> _Action item_
Could you print the listing again exactly, omitting the pictures?

> _Data section_

== Segment start ==

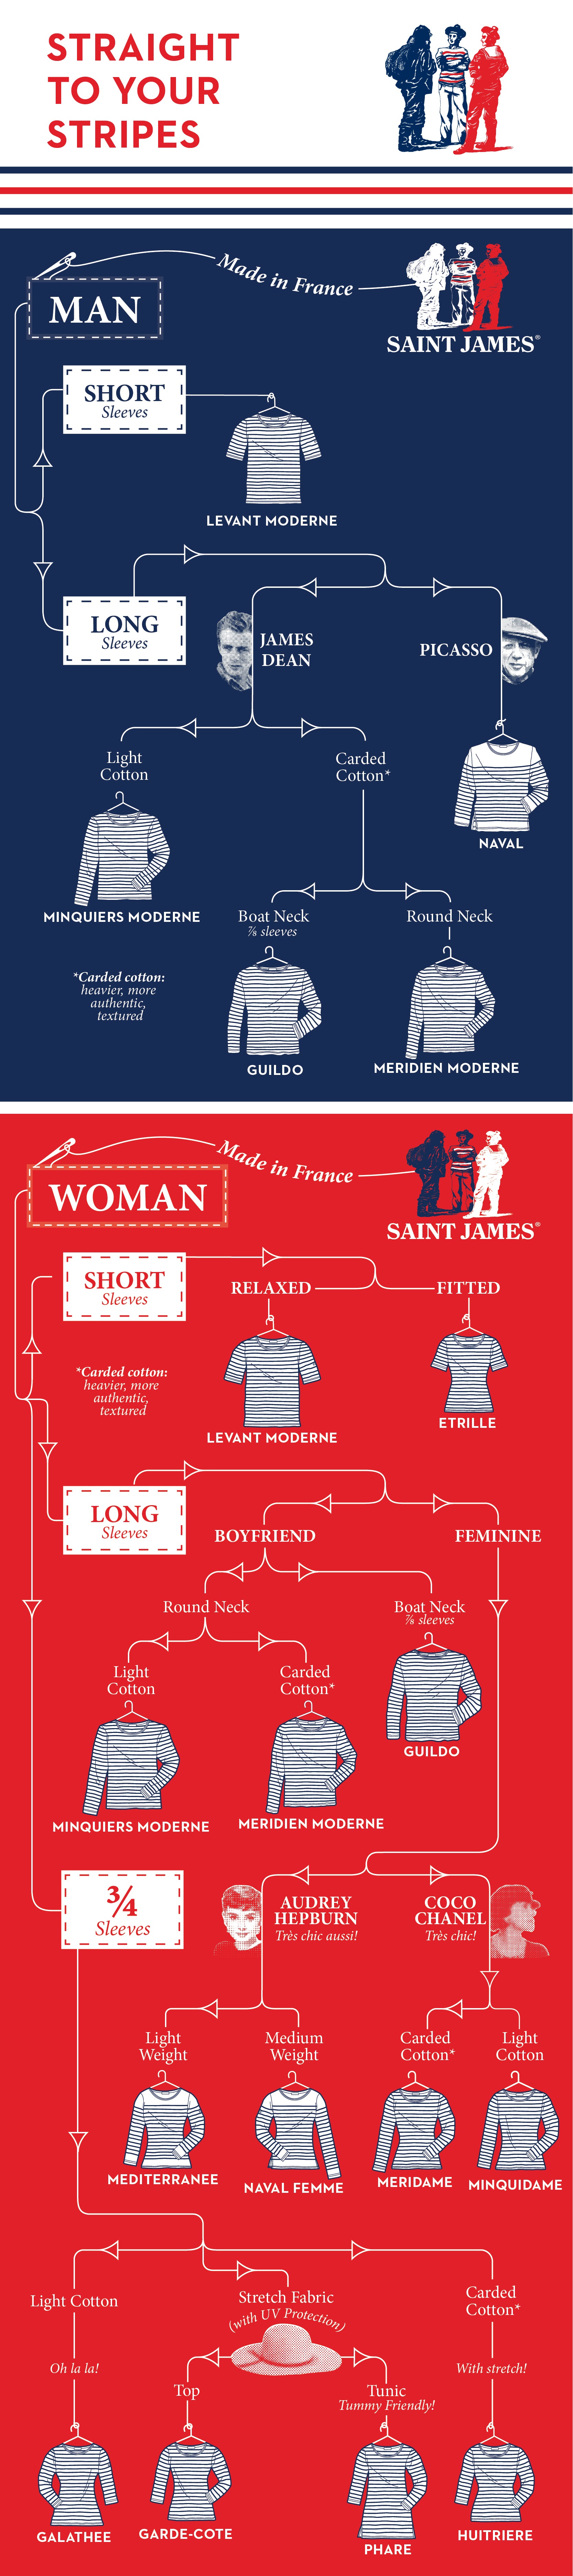 Saint James Guide to Stripes
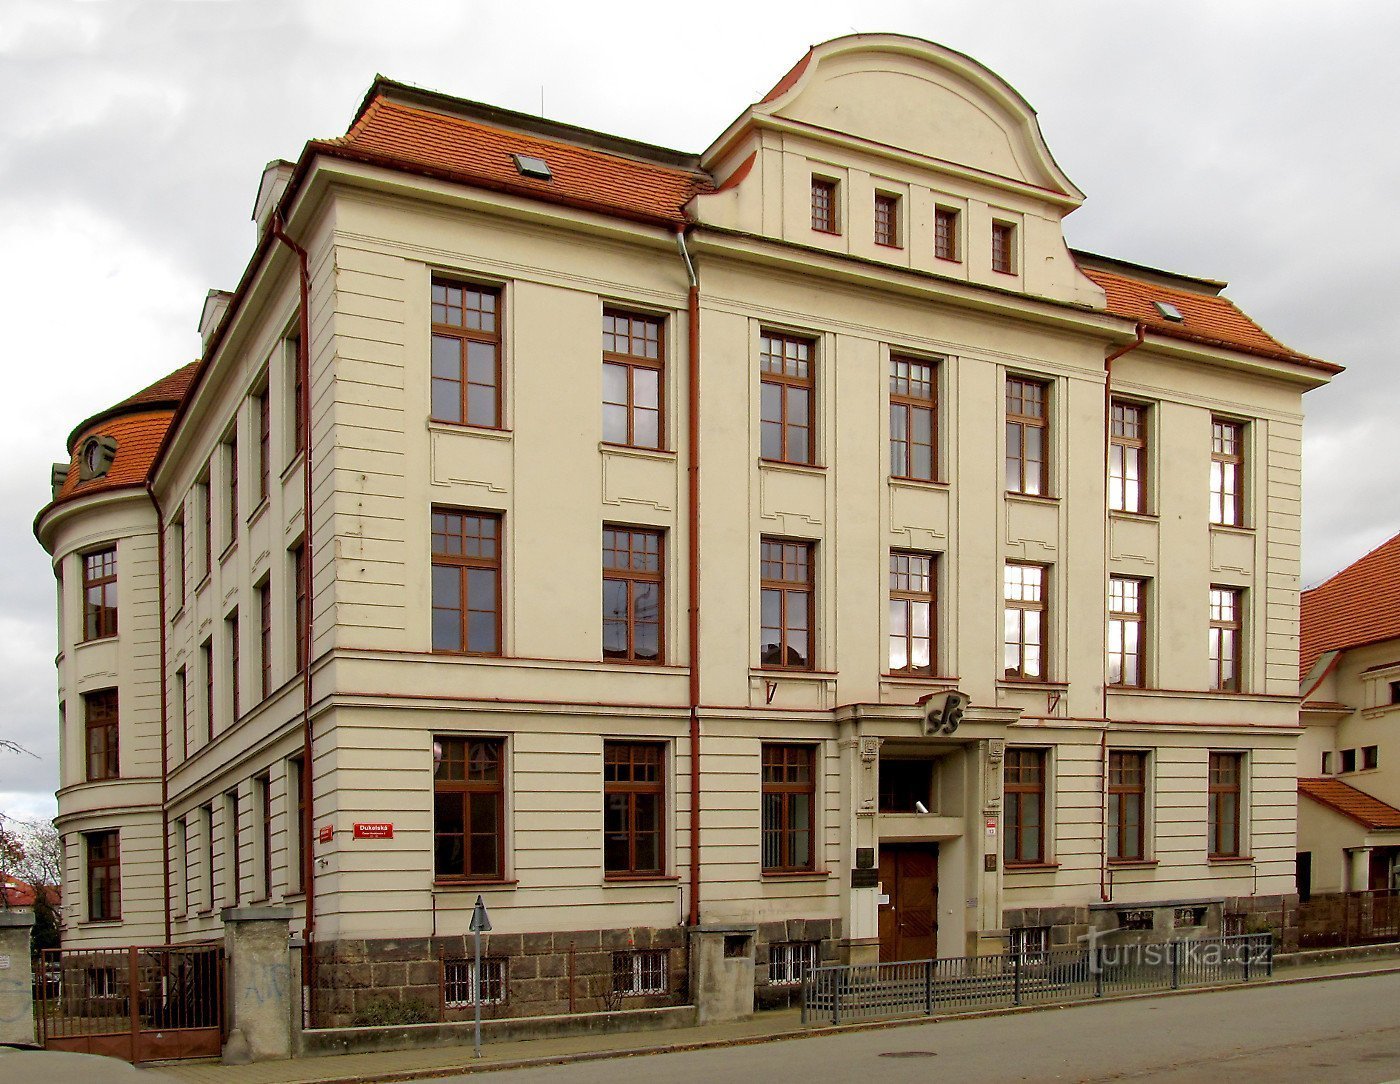 České Budějovice - Δευτεροβάθμια Βιομηχανική Σχολή Μηχανολόγων και Ηλεκτρολόγων Μηχανικών
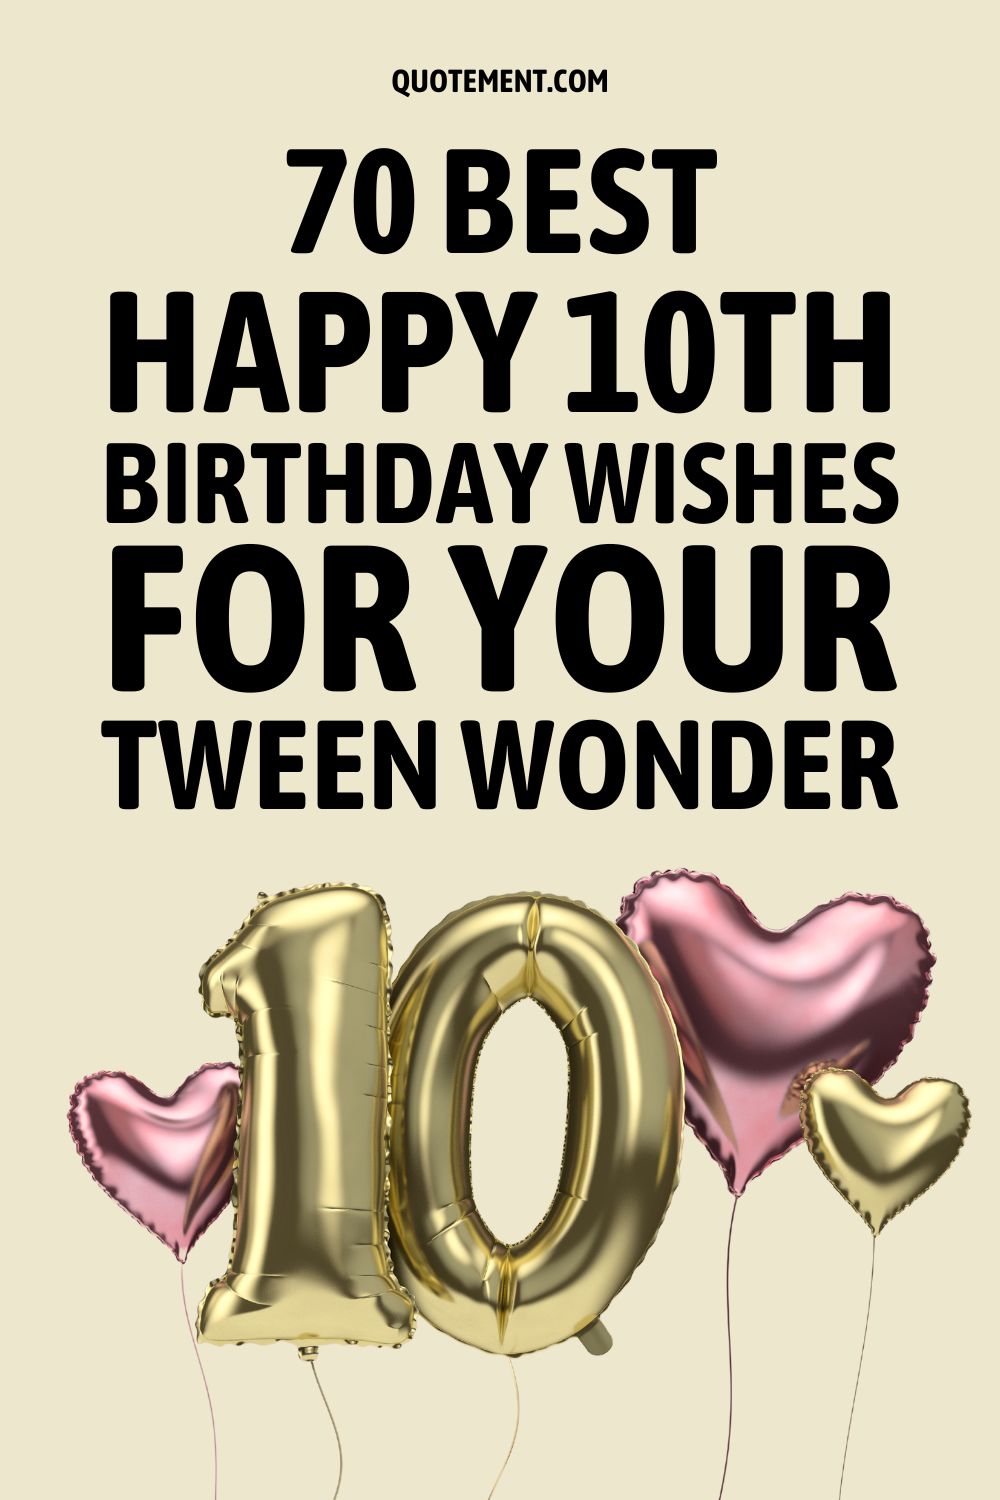 70 Best Happy 10th Birthday Wishes For Your Tween Wonder

== Segment end ==

> _Response to the exercise_
 Saint James Guide to Stripes
 České Budějovice - Δευτεροβάθμια Βιομηχανική Σχολή Μηχανολόγων και Ηλεκτρολόγων Μηχανικών
 70 Best Happy 10th Birthday Wishes For Your Tween Wonder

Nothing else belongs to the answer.